Register the filter as a bean in resources.groovy, e.g.

import com.yourcompany.yourapp.MyDbAuthenticationFilter

beans = {

myDbAuthenticationFilter(MyDbAuthenticationFilter) {
...
}
}

and add it to the filter chain in BootStrap.groovy using

SpringSecurityUtils.clientRegisterFilter('myDbAuthenticationFilter',
SecurityFilterPosition.FORM_LOGIN_FILTER.order + 10)

See section 16 in http://burtbeckwith.github.com/grails-spring-security-core/docs/manual/ for more details on clientRegisterFilter().

There's no convenient way to make the extra parameters available to a custom UserDetailsService, but that's just used by DaoAuthenticationProvider. So I'd go with a custom AuthenticationProvider that combines the logic and checks done by DaoAuthenticationProvider (i.e. account locked, disabled, etc.) with the lookup done by a UserDetailsService.
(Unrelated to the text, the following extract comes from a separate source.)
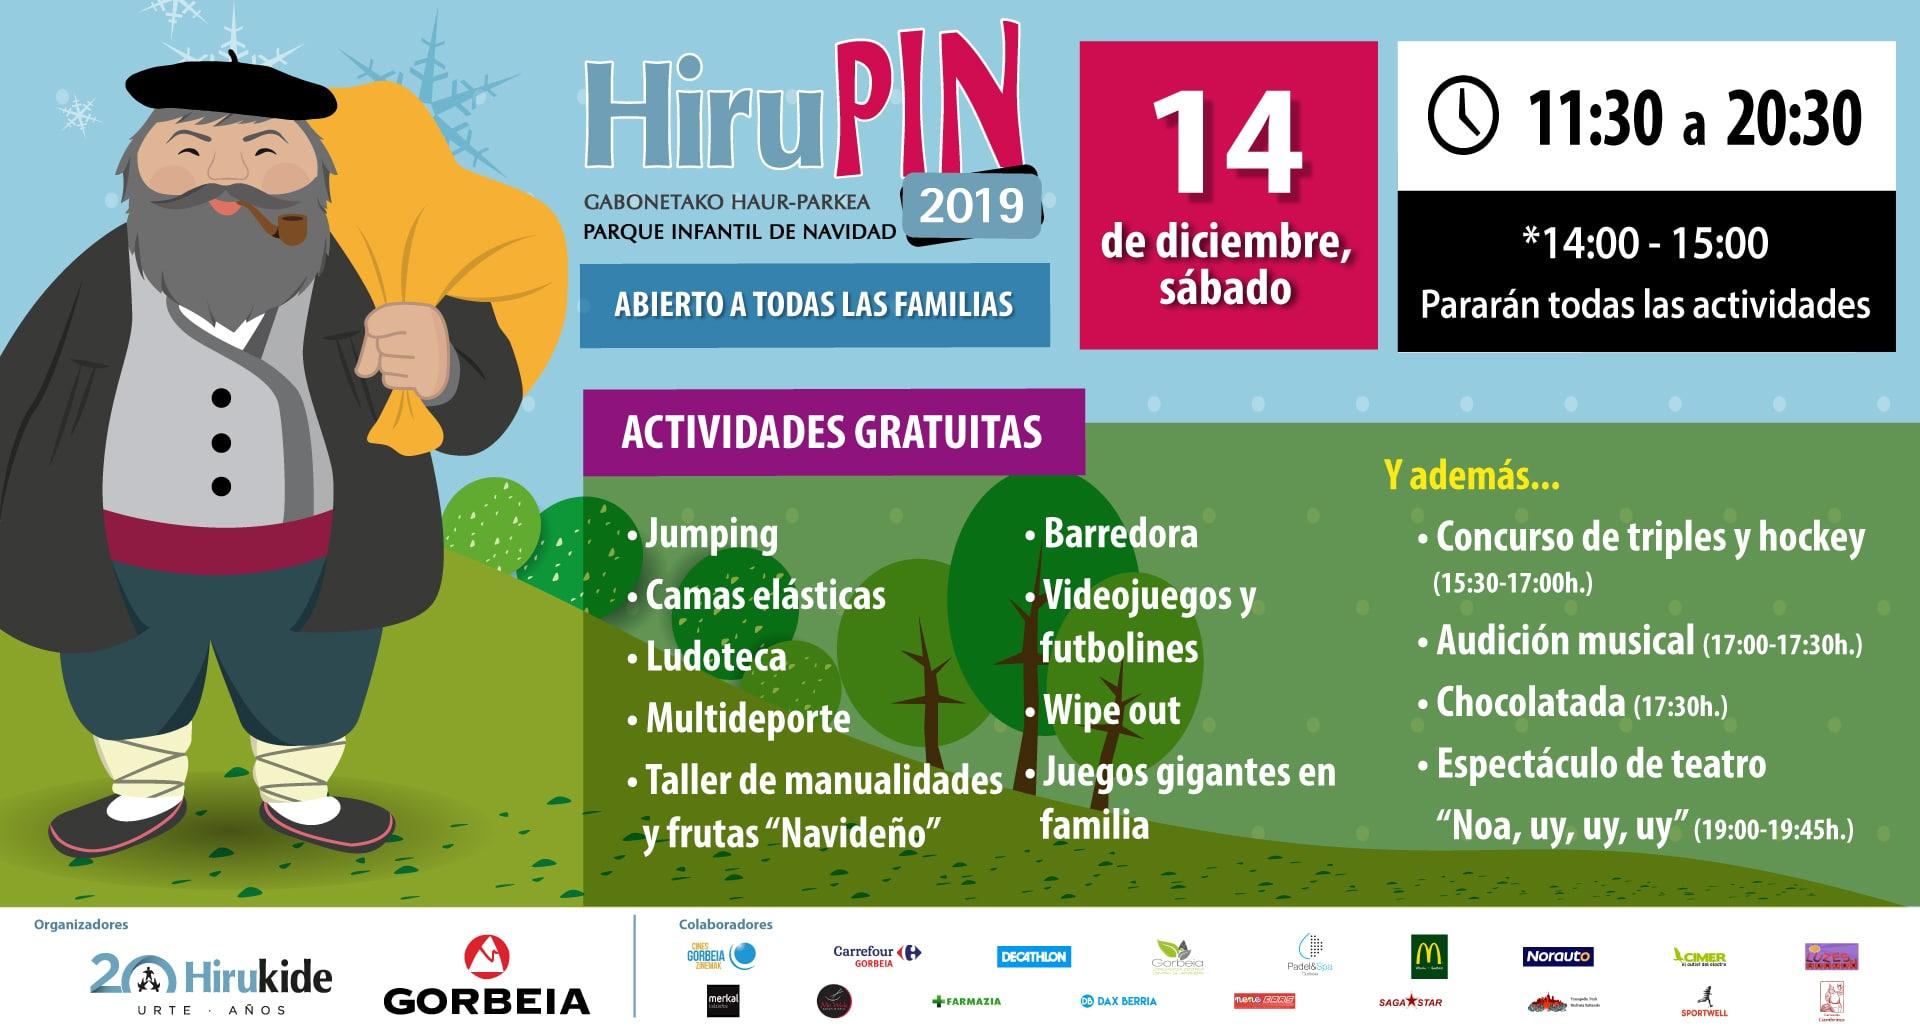 ¡Ven al Parque Infantil de Navidad Hirupin 2019!

The process for a custom Authentication Provider is similar to adding a filter and is described in section 10 of the docs. Register the bean in resources.groovy and add it to the providerNames property in Config.groovy:

grails.plugins.springsecurity.providerNames = [
'myAuthenticationProvider',
'ldapAuthProvider',
'anonymousAuthenticationProvider',
'rememberMeAuthenticationProvider']

You'll need a custom Authentication token class to hold the four attributes - base it on UsernamePasswordAuthenticationToken. Since your provider will only support it and the LDAP provider won't, the order of the two providers isn't important (but they need to be before the anonymous and remember-me providers).

Burt
Post by jnunderwood
Unfortunately, I misspoke earlier regarding DB authentication. We had gotten
it to work, but it was before we introduced spring-security. So, as of right
now, we only have LDAP working through spring-security.
It sounds like maybe I need to create a custom spring-security filter to
handle our special DB authentication requirements? Would I need a custom
authentication provider?
Sorry for being so confused. Grails is still very new to me and it took a
lot of effort to get LDAP working (partly because we use Active Directory
for user authentication and a database for roles). After doing all that, I
think I may have missed something fairly basic.